流行歌の文法チェック
ちょっと古いが、言わせてもらおう。
- 月にやるせぬ わが想い(影を慕いて)
「やるせない」とはいうが、「やるせぬ」とは言わない。「やるせない」は形容詞だから、助動詞の「ぬ」はつかぬ。
- 雪にかわりがないじゃなし(お座敷小唄)
まったくのデタラメ。確信犯による日本語破壊。
- やると思えばどこまでやるさ(人生劇場)
ホントにどこまでやるの?
- 義理がすたればこの世は闇だ(人生劇場)
「すたれれば」が正しい。「廃れる」は下一段活用であって、五段活用ではない。「廃る」という五段活用の言葉もあるが、普通、仮定形では使わない。
- なのによ〜、なぜに目に浮く潮来笠(潮来笠)
「目に浮かぶ」とは言うが、「目に浮く」とは言わない。日本語って難しい。
- てんとう虫がしゃしゃり出て(てんとう虫のサンバ)
これは文法的には間違いではないが、「しゃしゃり出て」という語感の汚さ。なぜ「進み出て」ではいけないのか。可愛い女の子が、この歌のこの部分を歌う時、私はいたたまれない気持ちになる。
- 花の東京のド真ん中(恋の山手線)
本当の東京人は「ド真ん中」とは決して言わない。「東京のまん真ん中、大阪のド真ん中」である。

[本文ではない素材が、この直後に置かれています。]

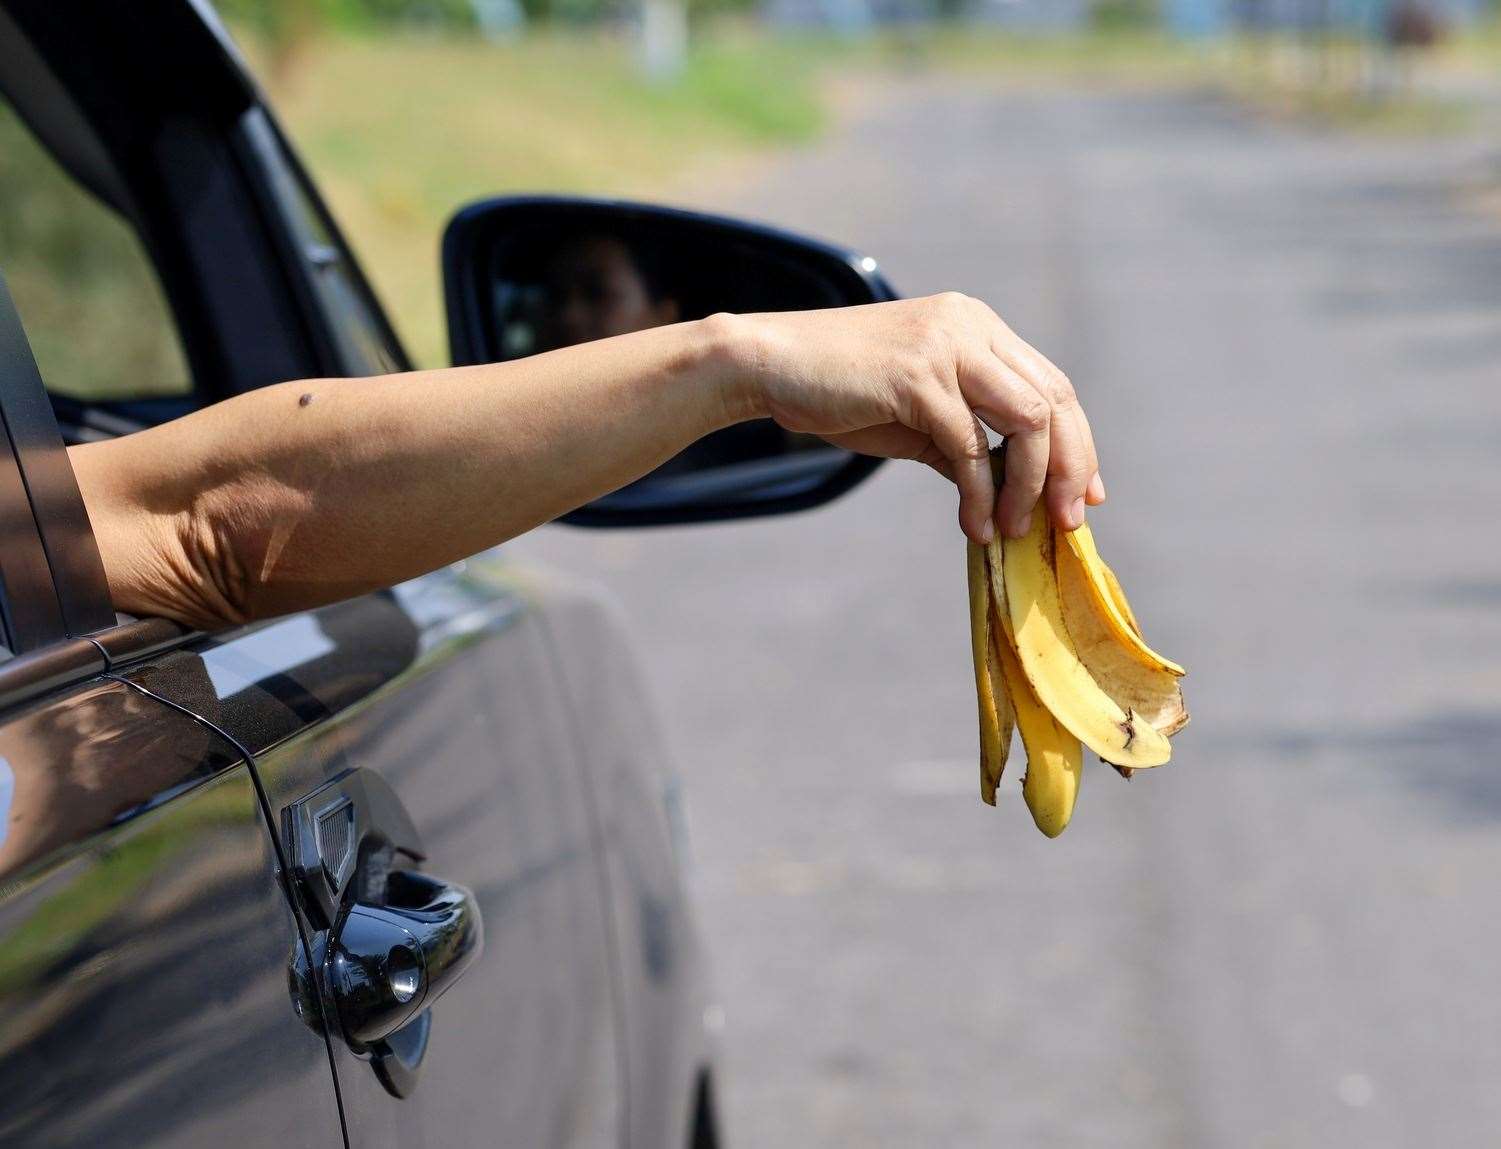 A Herne Bay man has been fined £500 after chucking a banana skin out of his van window. Picture: iStock / andri wahyudi

まあ、この他にもたくさんあるけどね。文語と口語がまぜこぜになっているもの(谷村新司や堀内孝雄の歌によくある)も、日本語としては、ほんとうは皆、間違いだ。それでも、妙チキリンな英語が意味もなく挿入される最近の歌よりは、羞恥心を掻き立てられる度合いの少なさにおいて、昔の歌の方がまだましだ、とおじさんは思うのであった。